Sherman told The Anchor, “The Catholic Foundation is so pleased to be serving and working with our friends at Catholic Social Services. Since our founding in 2018, it has been our goal to help gain philanthropic support and donations for entities throughout the Diocese of Fall River, like CSS. Catholic Social Services truly does God’s work and it is wonderful when we can help shine the light on their mission and make others aware of how they can be of help.”
Mazzarella said that not only will the vans be a great and reliable asset to continue both shelters’ mission, but it goes beyond that. “What it would cost to buy two vans would have been equal to the salaries of three employees,” she said. “Keeping those funds allows us to preserve the status of our employees. It’s also uplifting to them and a morale boost, especially during the COVID-19 pandemic.
“These wonderful people couldn’t stop assisting the women during the pandemic and they put themselves at risk doing so. Being handed the keys to two brand new vans gave them such joy and a sense of value.
“And the residents, who don’t have many possessions, are impoverished and have low self-esteem, now have seeds of hope and worthiness planted, restoring some of their dignity.”
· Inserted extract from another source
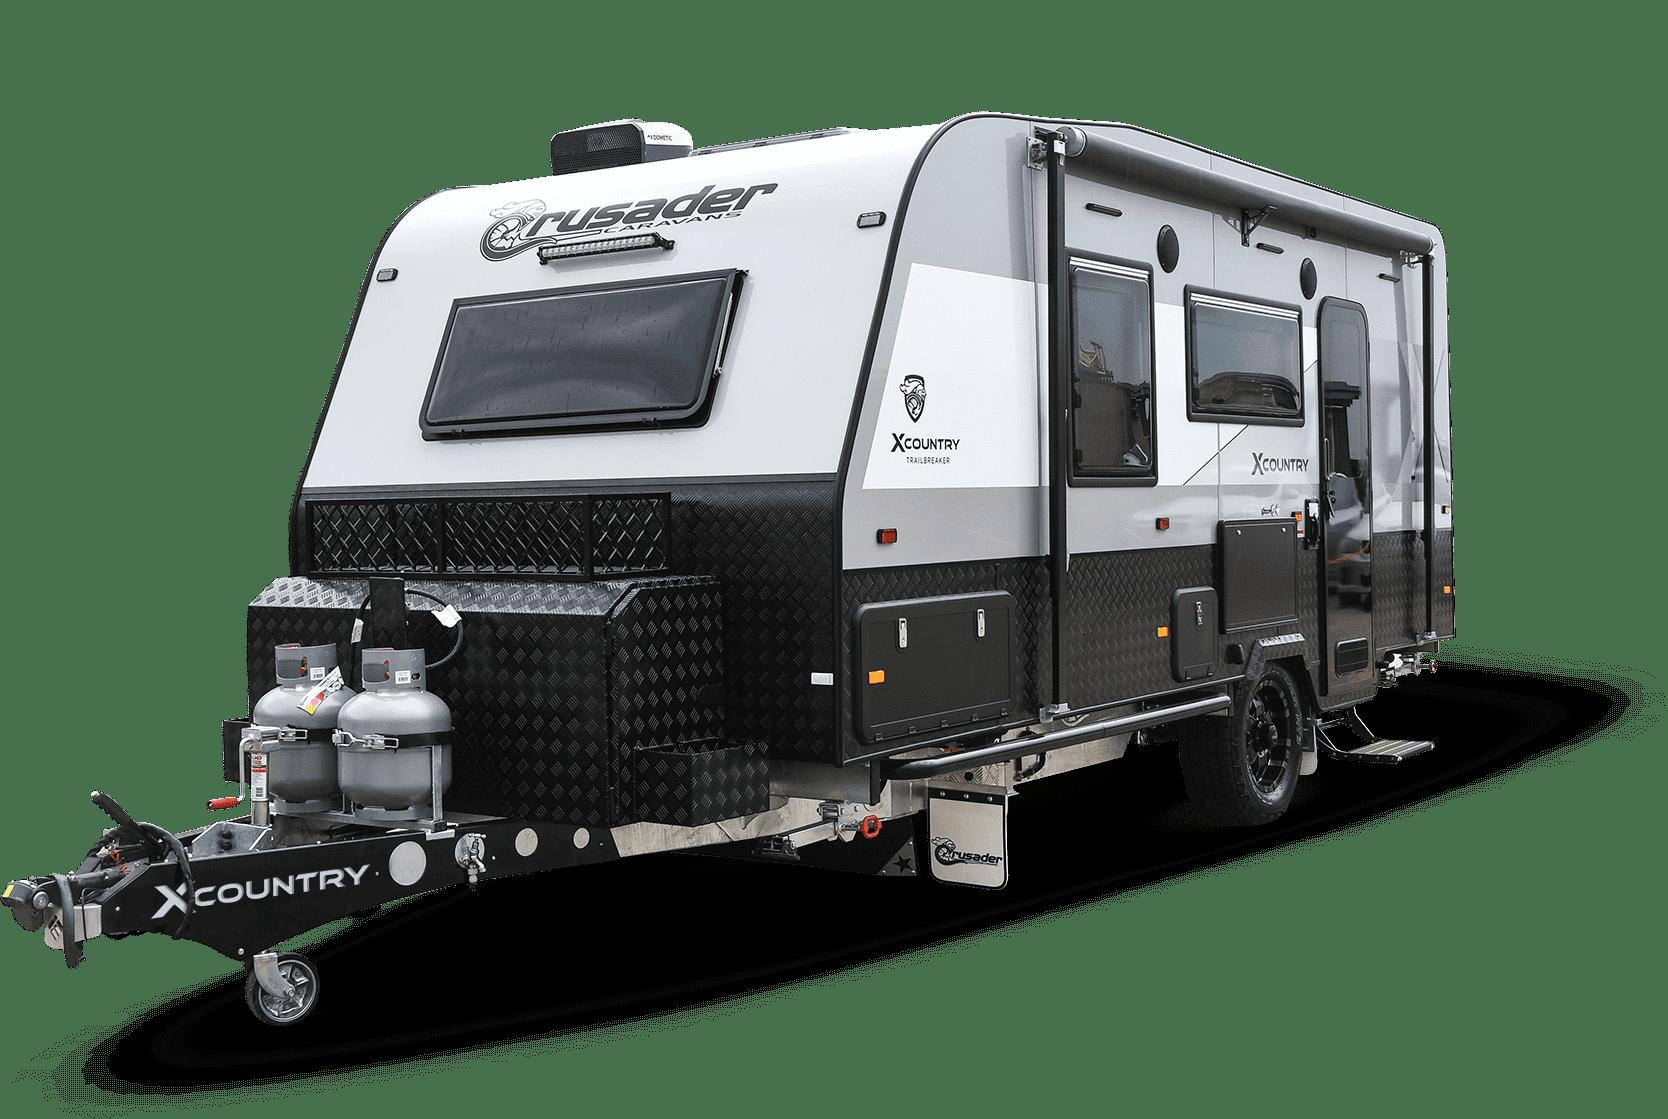 Image of new caravan for sale Crusader XC Trailbreaker.

Mazzarella also told The Anchor that this story is a perfect example of what can happen when different agencies and ministries within the diocese can work together, for and with each other. “We’re all brothers and sisters called to solve problems utilizing and combining the resources that we have.”
That’s what Church is, and this, by far, is one of the best feel-good stories to emerge from a year-plus of fear, doubt and sadness — the Church in action.